→ **The data**:
*** Block opens ***
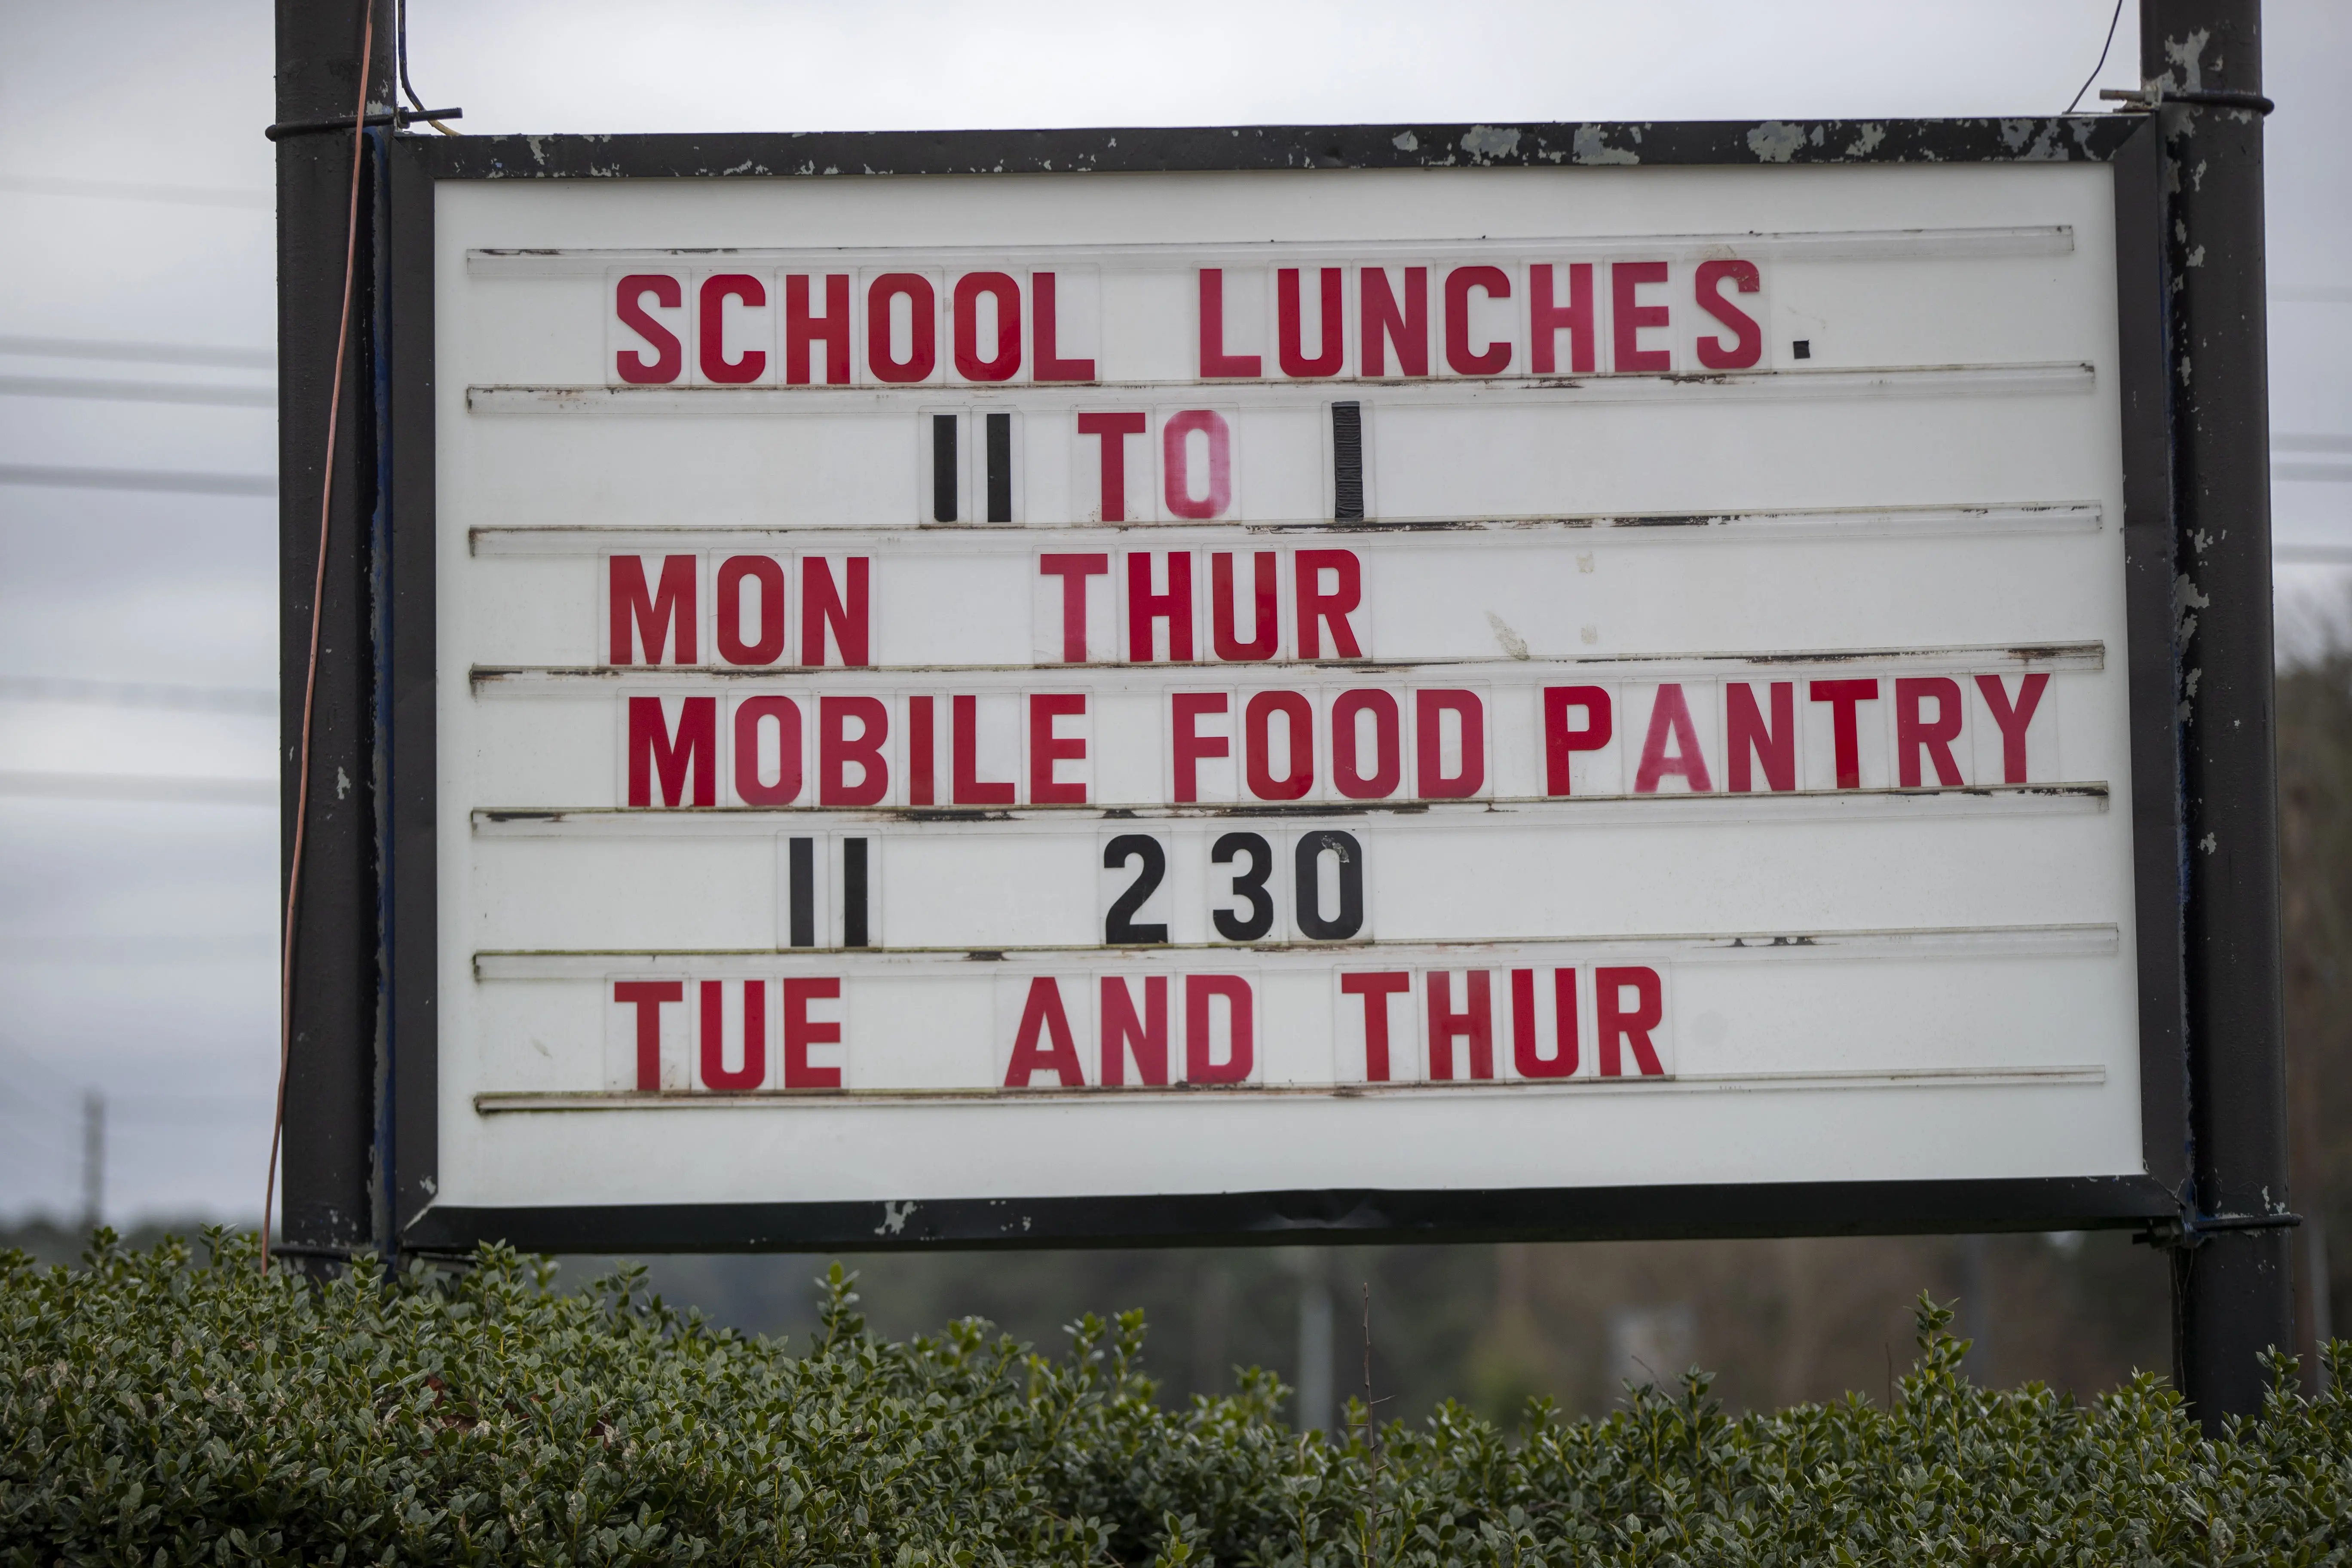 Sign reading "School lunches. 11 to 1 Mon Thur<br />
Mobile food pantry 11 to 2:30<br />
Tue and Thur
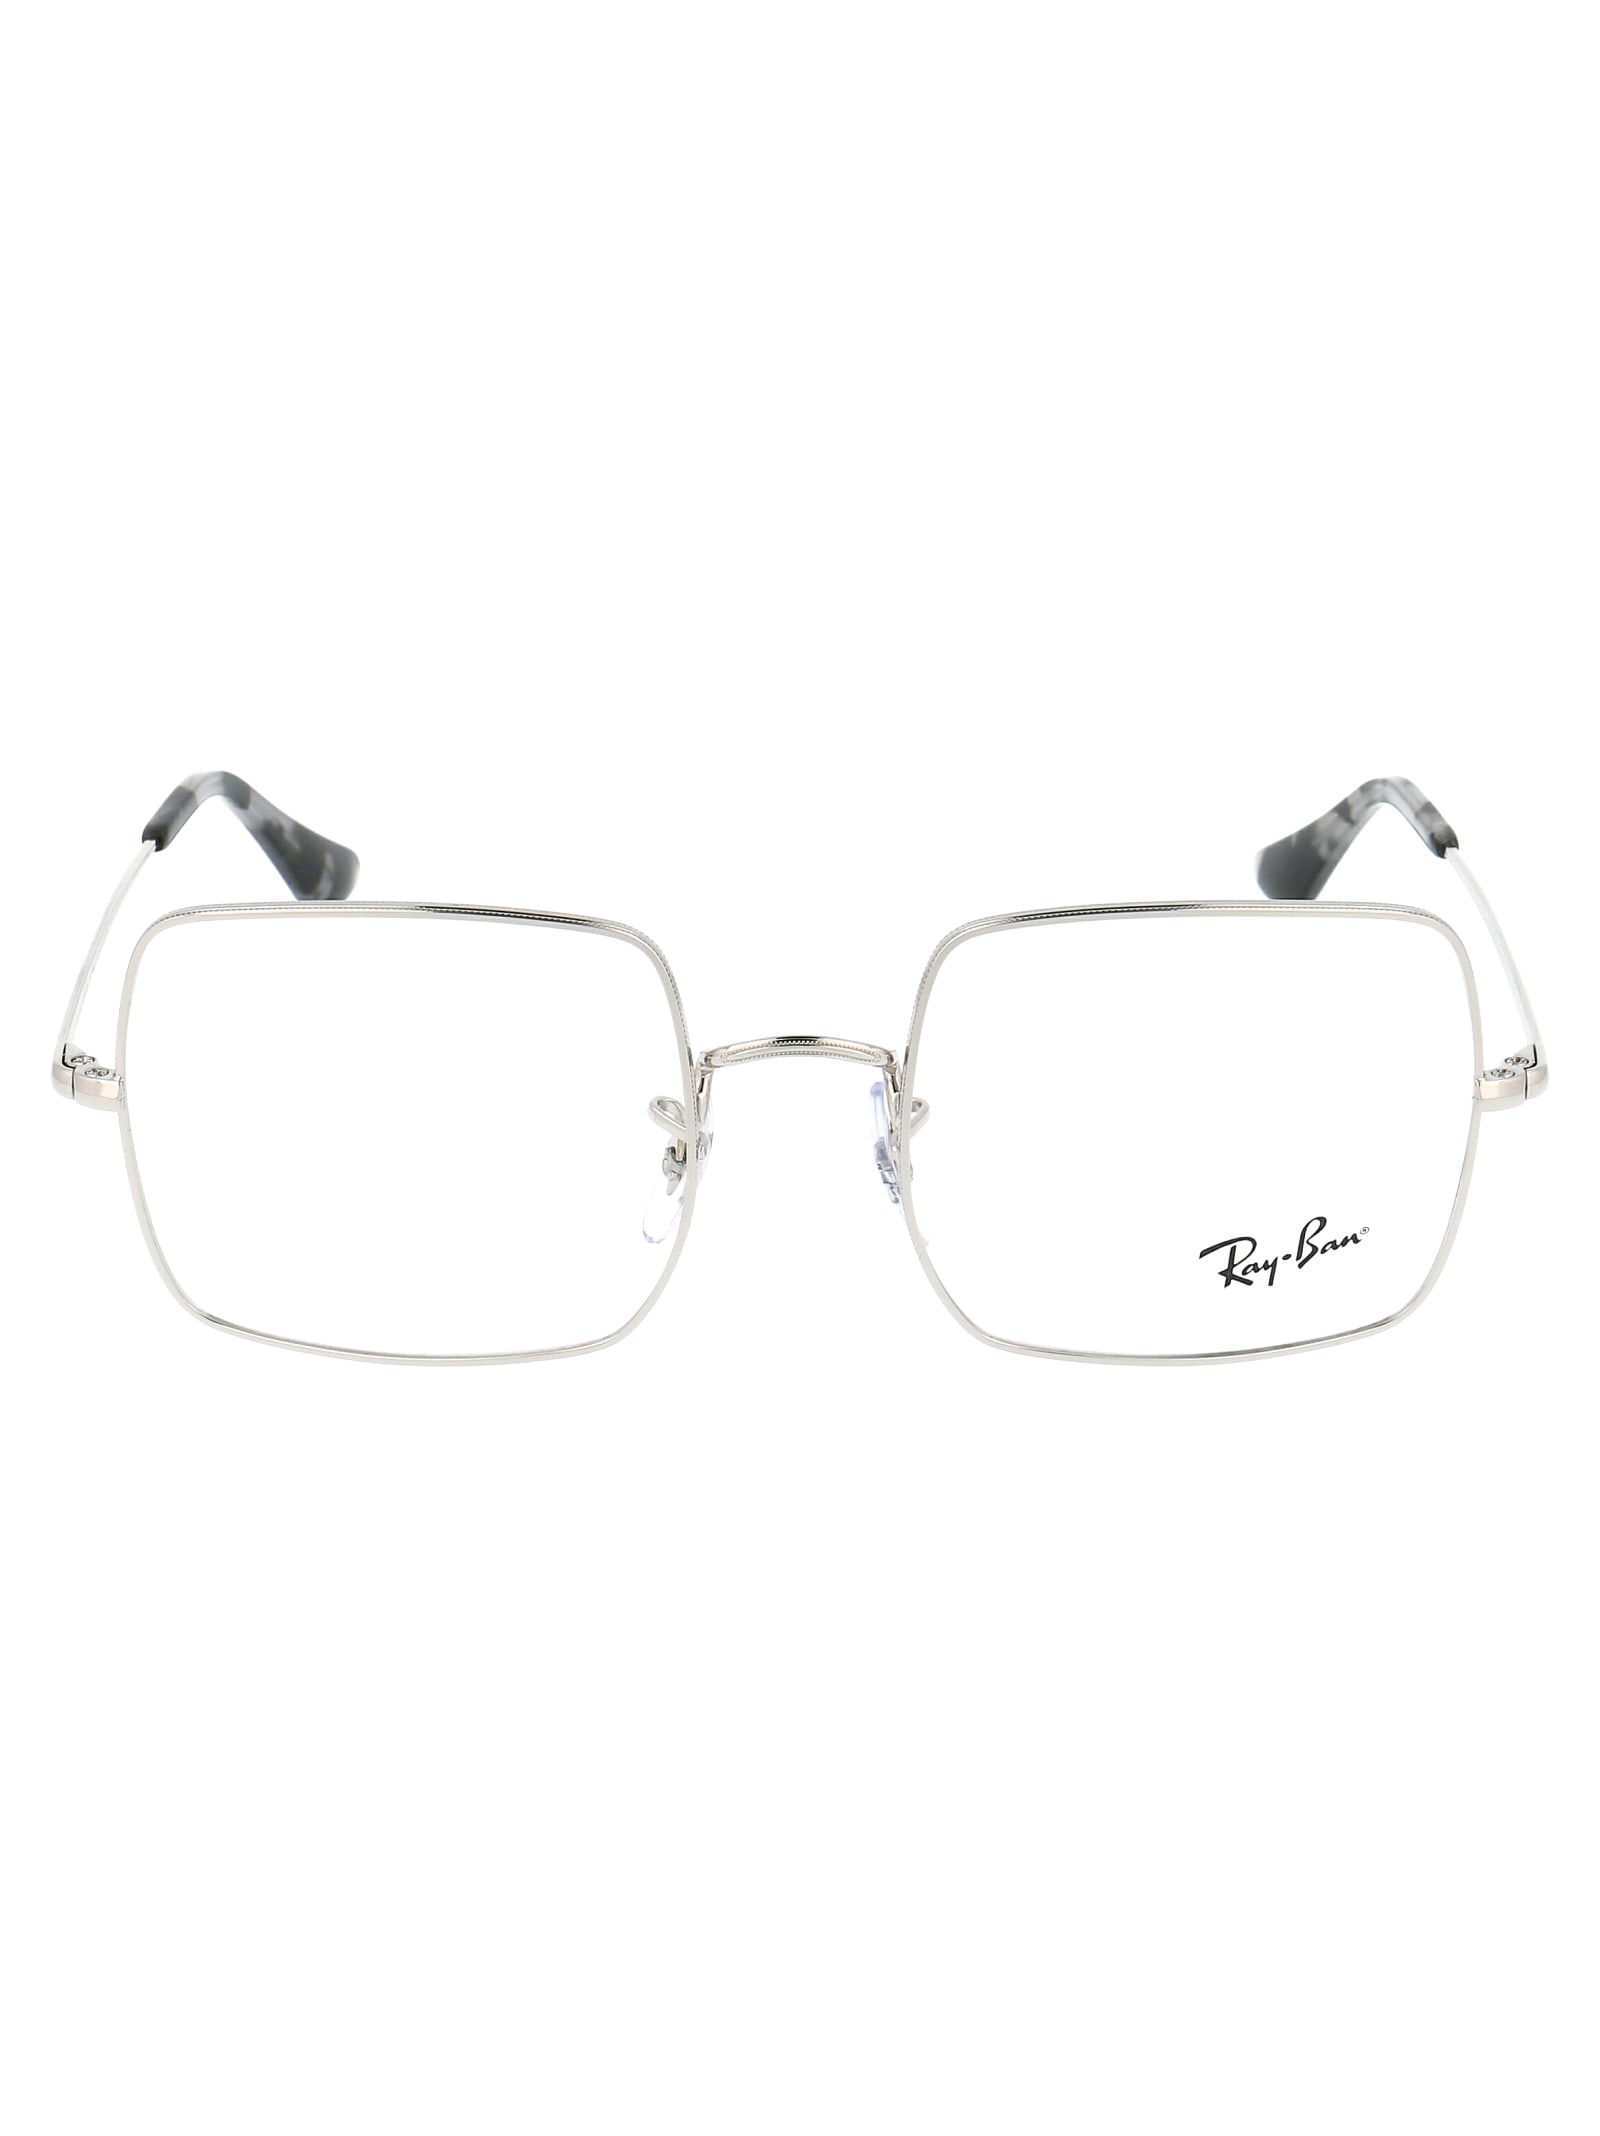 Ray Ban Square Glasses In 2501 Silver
*** Block closes ***
→ **Problem to work on**: Leaving the pictures out, write out all the material above exactly.

→ **Output for this exercise**:
 Sign reading "School lunches. 11 to 1 Mon Thur<br />
Mobile food pantry 11 to 2:30<br />
Tue and Thur
 Ray Ban Square Glasses In 2501 Silver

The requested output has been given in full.